What you have to do: Once the line containing "Kleine Steinfischer Hütte" is reached, copy it and every line after it exactly, to the end of the material, without pictures.

Dataset section:
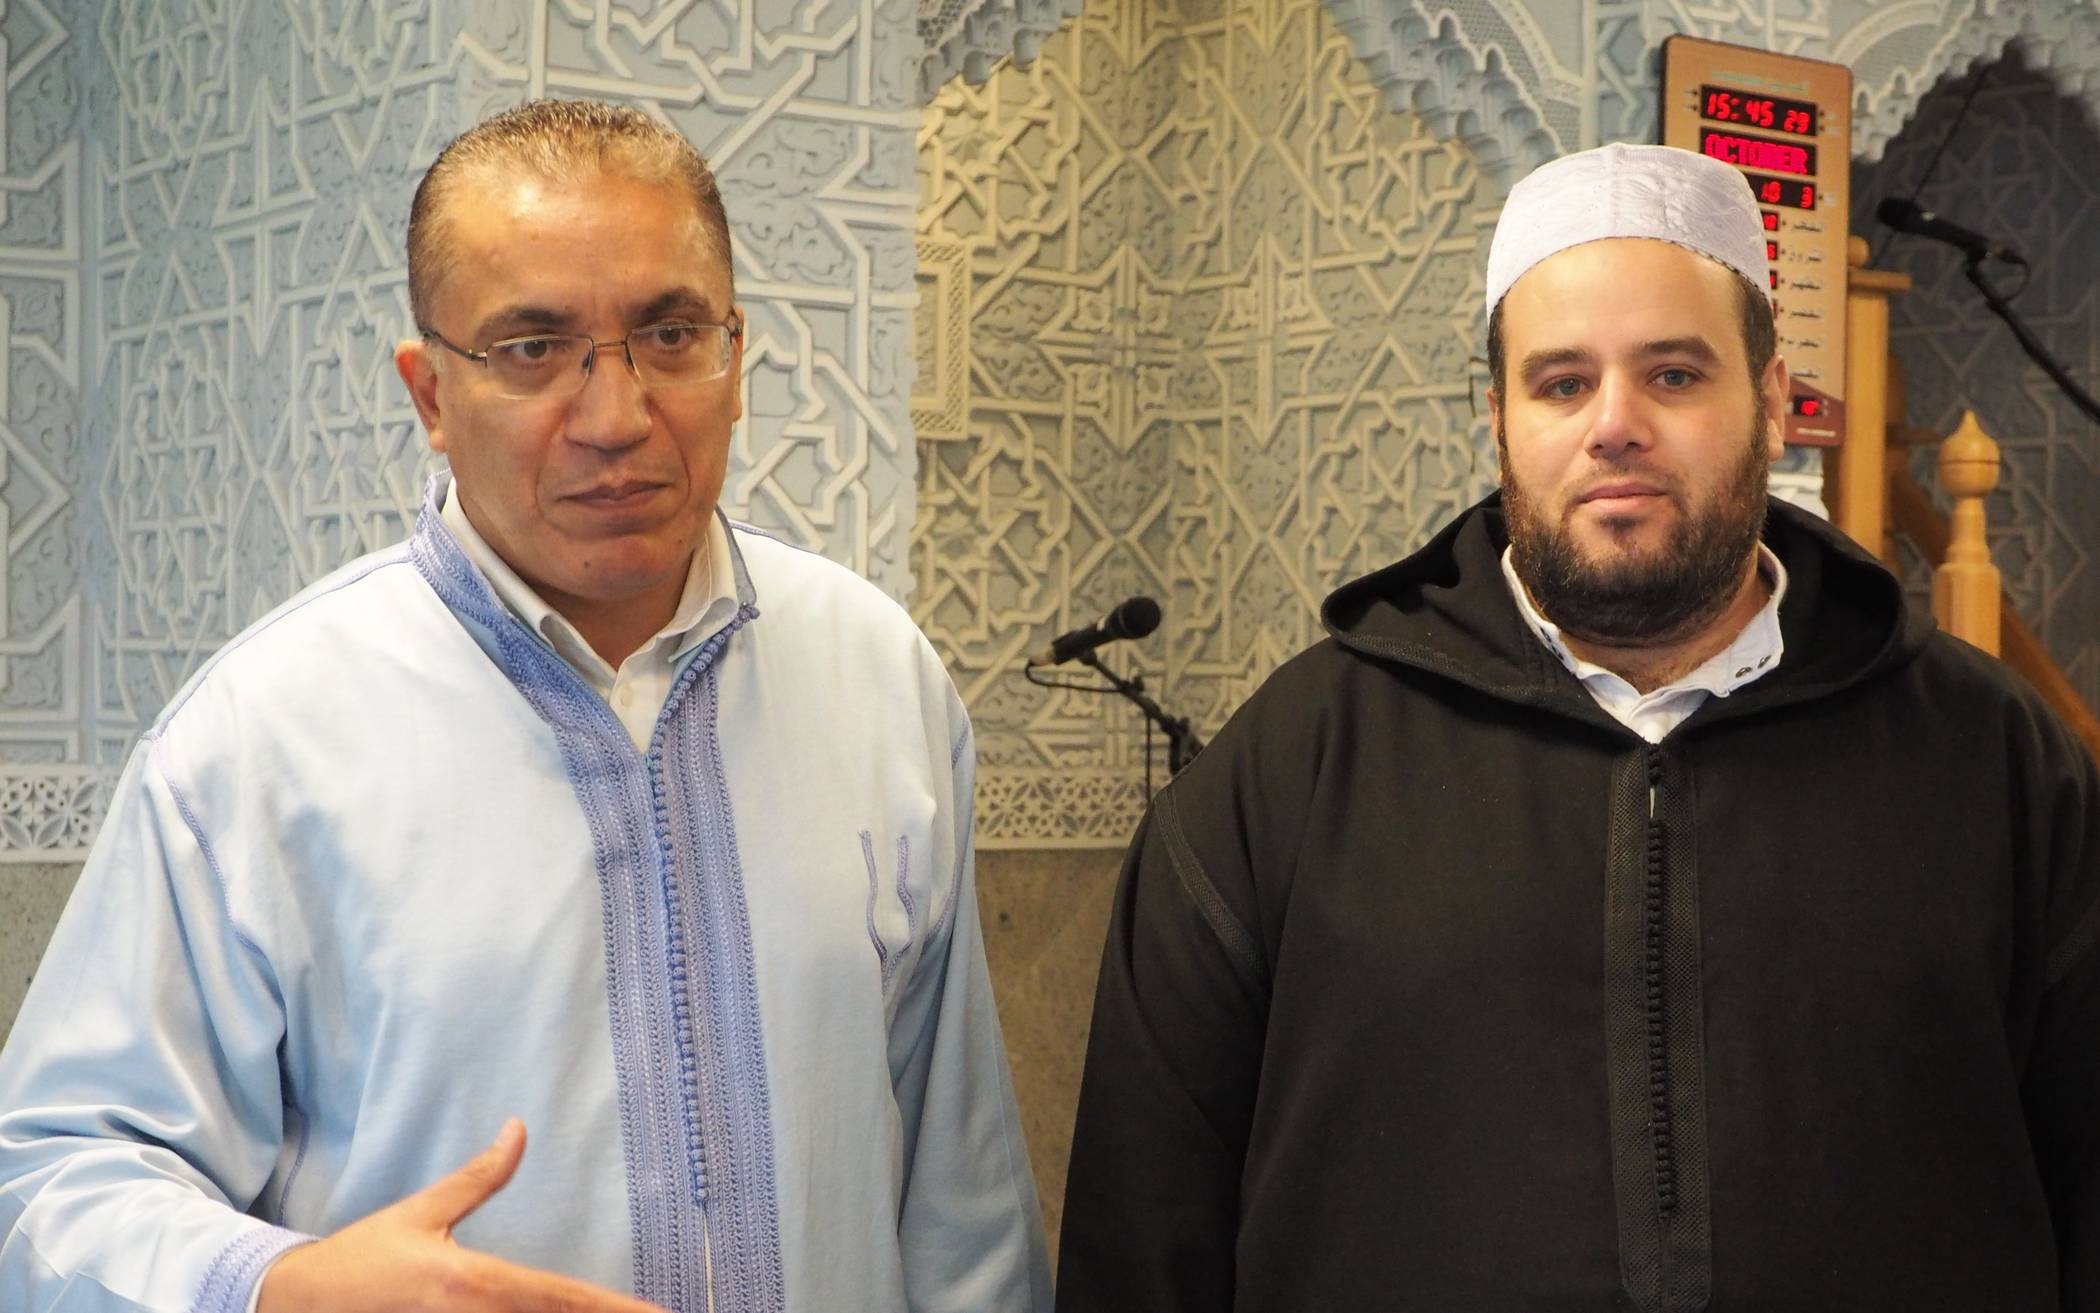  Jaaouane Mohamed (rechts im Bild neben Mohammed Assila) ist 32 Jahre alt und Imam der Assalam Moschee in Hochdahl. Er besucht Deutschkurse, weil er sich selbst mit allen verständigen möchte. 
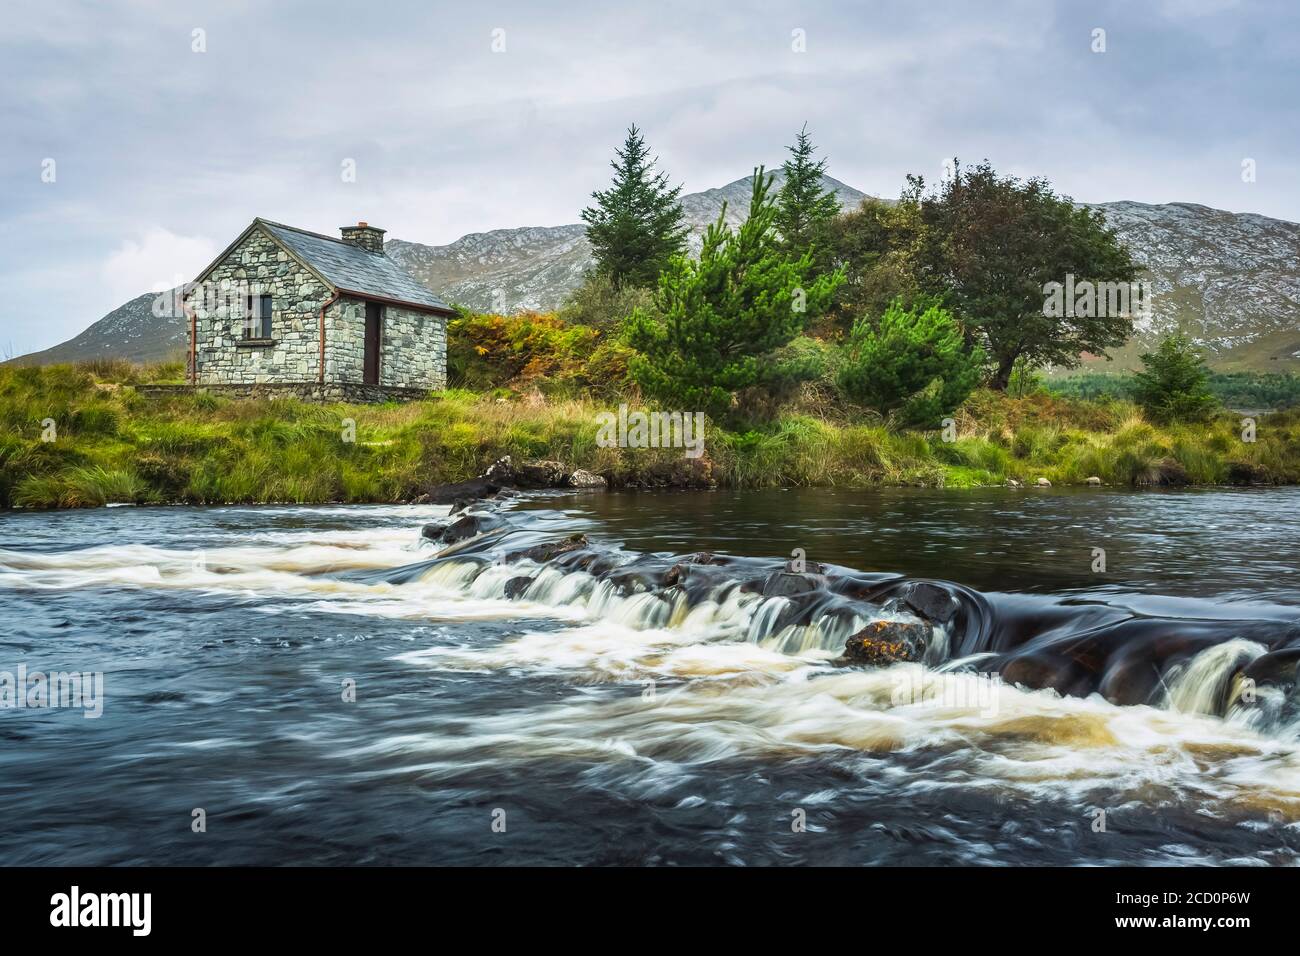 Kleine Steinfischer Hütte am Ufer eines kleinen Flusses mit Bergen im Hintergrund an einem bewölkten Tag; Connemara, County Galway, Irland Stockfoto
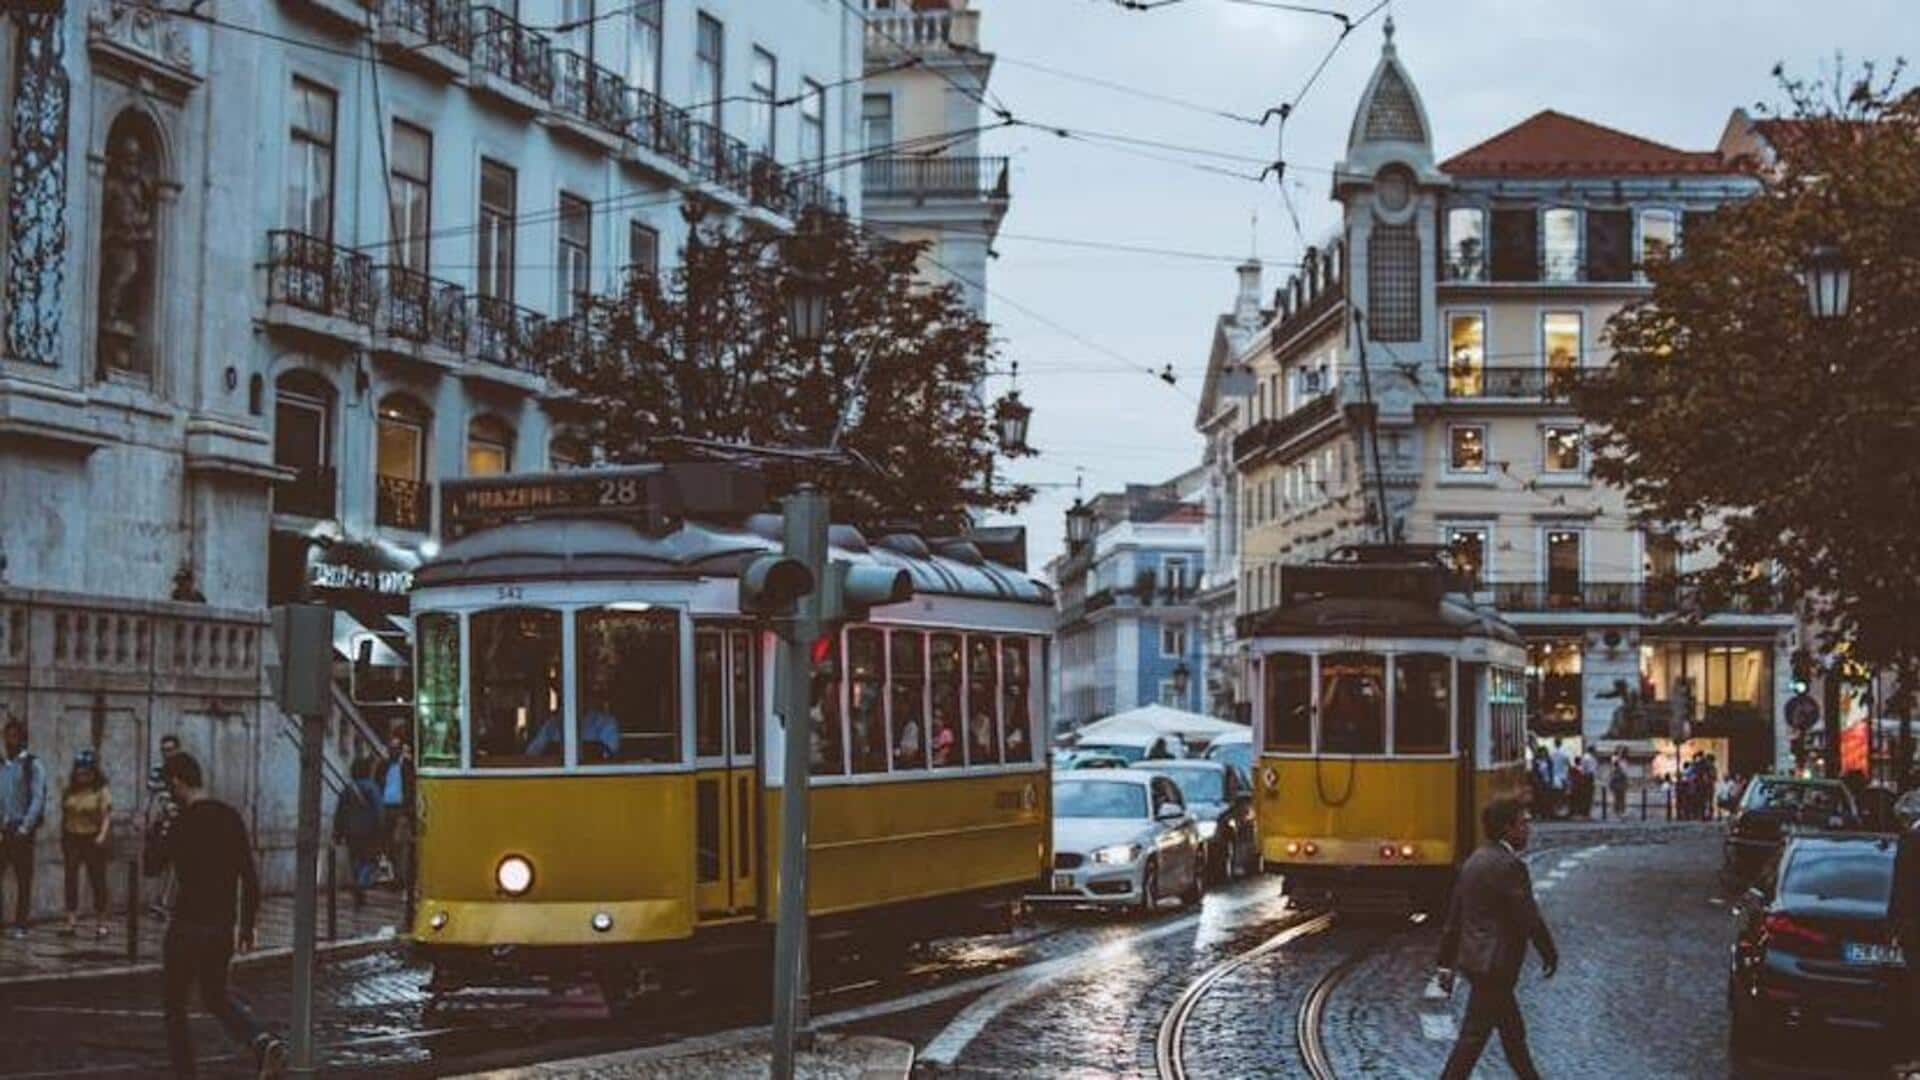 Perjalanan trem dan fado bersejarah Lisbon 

Written solution:
 Kleine Steinfischer Hütte am Ufer eines kleinen Flusses mit Bergen im Hintergrund an einem bewölkten Tag; Connemara, County Galway, Irland Stockfoto
 Perjalanan trem dan fado bersejarah Lisbon 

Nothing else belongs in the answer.